Stepanova Iva, Nevsimalova Sona, Hanusova Jaroslava
Department of Neurology, 1st Medical Faculty, Charles University, Prague, Czech Republic.
Sleep. 2005 Jul;28(7):851-7. doi: 10.1093/sleep/28.7.851.
To evaluate the type, duration, and distribution of rhythmic movements in sleep stages in school-aged children and young adults; to find out if cases of rhythmic movement disorder persisting beyond infancy are associated with any daytime symptoms or psychopathology.
All participants underwent neurologic examination, biochemical screening, electroencephalography, neuroimaging, overnight videopolysomnography, and psychologic examination.
Department of Neurology and Sleep Laboratory, 1st Medical Faculty, Charles University, Prague.

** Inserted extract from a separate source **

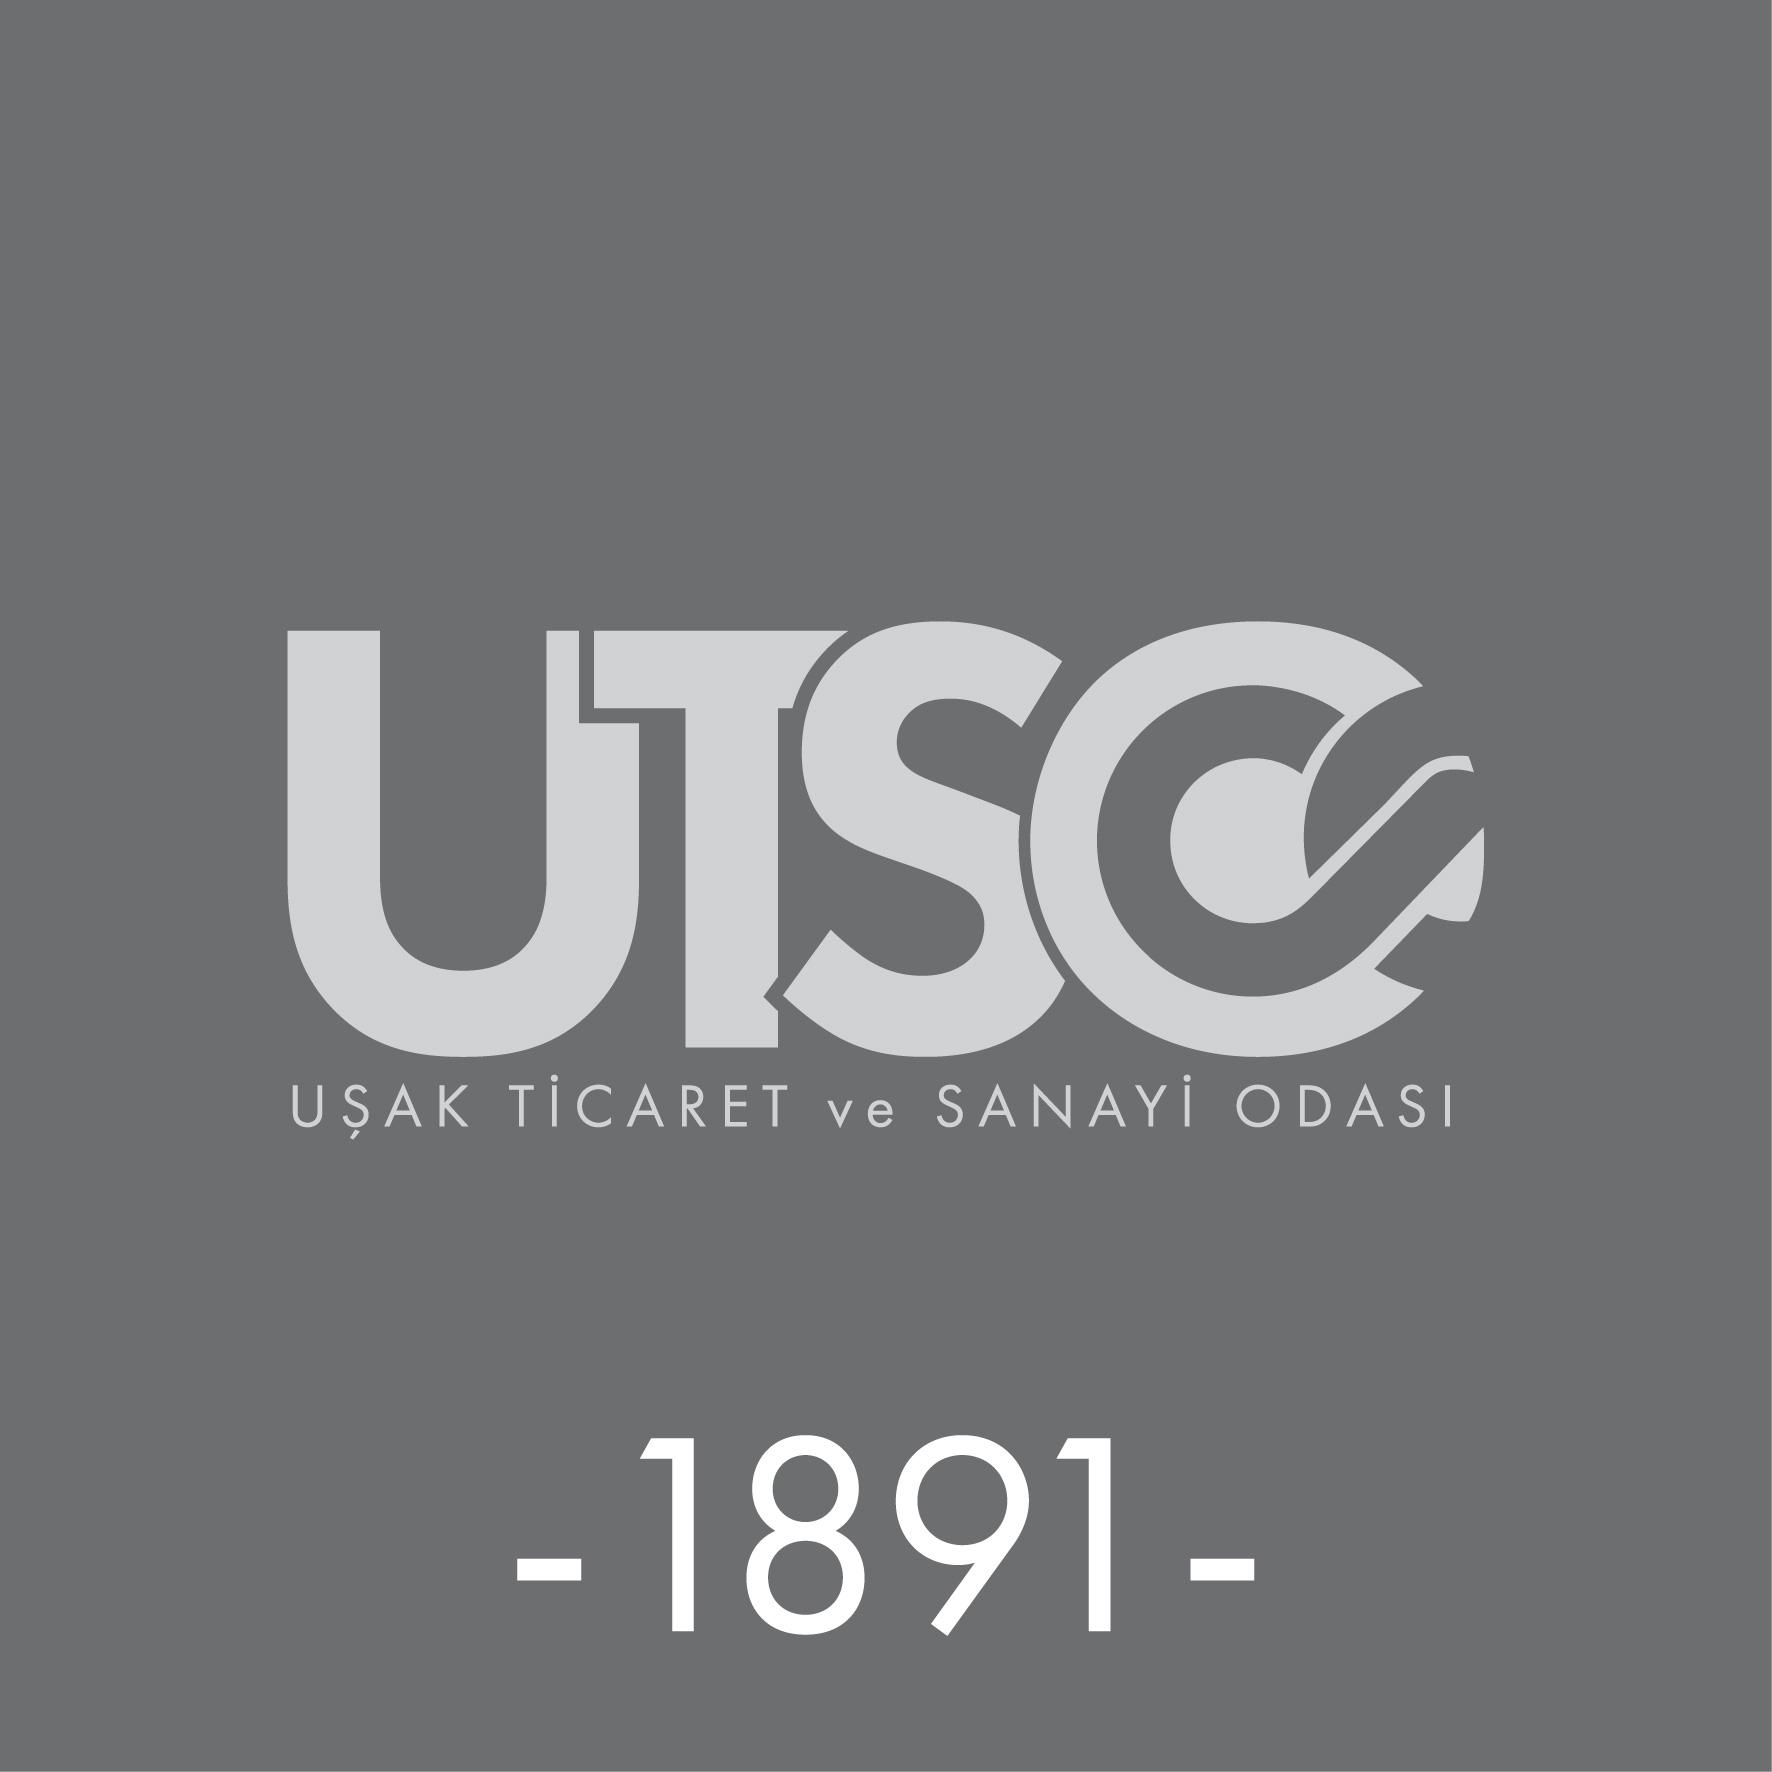 Utso_Logo_jpg

Ten subjects referred to the sleep disorders center because of rhythmic movement disorder. Five males, 5 females; age range, 7-24 years; mean age 14.7 +/- 5.69 years.
None.
Biochemical screening, electroencephalogram, and neuroimaging were unremarkable in all cases. According to duration, 2 types of rhythmic movements were observed on polysomnography: longer episodes appeared in wakefulness and in non-rapid eye movement stage 1 sleep, while shorter episodes (2-80 seconds) occurred during non-rapid eye movement stage 2, non-rapid eye movement stage 3-4, and rapid eye movement sleep. According to sleep-stage distribution, we defined (a) rhythmic movements prevailing in the first half of the night and in the morning hours, usually associated with wakefulness or superficial sleep; (b) rhythmic movements occurring throughout the night in all sleep stages; (c) rhythmic movements prevailing in the second half of the night and mainly associated with rapid eye movement sleep. Psychologic examination showed symptoms of the attention-deficit/hyperactivity disorder in 6 cases.
According to our study, rhythmic movement disorder persisting beyond infancy may be connected with various daytime symptoms; a strong association between rhythmic movement disorder and attention-deficit/hyperactivity disorder was found in school-aged children. We speculate that pathogenetic mechanisms similar to those in attention-deficit/hyperactivity disorder are involved in rhythmic movement disorder or that symptoms of attention-deficit/hyperactivity disorder may be secondary to rhythmic movement disorder.
评估学龄儿童和青年成人睡眠阶段节律性运动的类型、持续时间和分布情况;查明婴儿期后持续存在的节律性运动障碍病例是否与任何日间症状或精神病理学有关。
所有参与者均接受了神经学检查、生化筛查、脑电图检查、神经影像学检查、夜间视频多导睡眠图检查和心理检查。
布拉格查理大学第一医学院神经科和睡眠实验室。
10名因节律性运动障碍转诊至睡眠障碍中心的受试者。5名男性,5名女性;年龄范围7 - 24岁;平均年龄14.7±5.69岁。
无干预。
所有病例的生化筛查、脑电图和神经影像学检查均无异常。根据持续时间,在多导睡眠图上观察到两种类型的节律性运动:较长的发作出现在清醒期和非快速眼动睡眠1期,而较短的发作(2 - 80秒)出现在非快速眼动睡眠2期、非快速眼动睡眠3 - 4期和快速眼动睡眠期。根据睡眠阶段分布,我们定义了:(a) 在前半夜和上午时段占主导的节律性运动,通常与清醒或浅睡眠相关;(b) 在所有睡眠阶段整夜出现的节律性运动;(c) 在后半夜占主导且主要与快速眼动睡眠相关的节律性运动。心理检查显示6例有注意力缺陷/多动障碍症状。
根据我们的研究,婴儿期后持续存在的节律性运动障碍可能与各种日间症状有关;在学龄儿童中发现节律性运动障碍与注意力缺陷/多动障碍之间存在密切关联。我们推测,与注意力缺陷/多动障碍类似的发病机制参与了节律性运动障碍,或者注意力缺陷/多动障碍的症状可能继发于节律性运动障碍。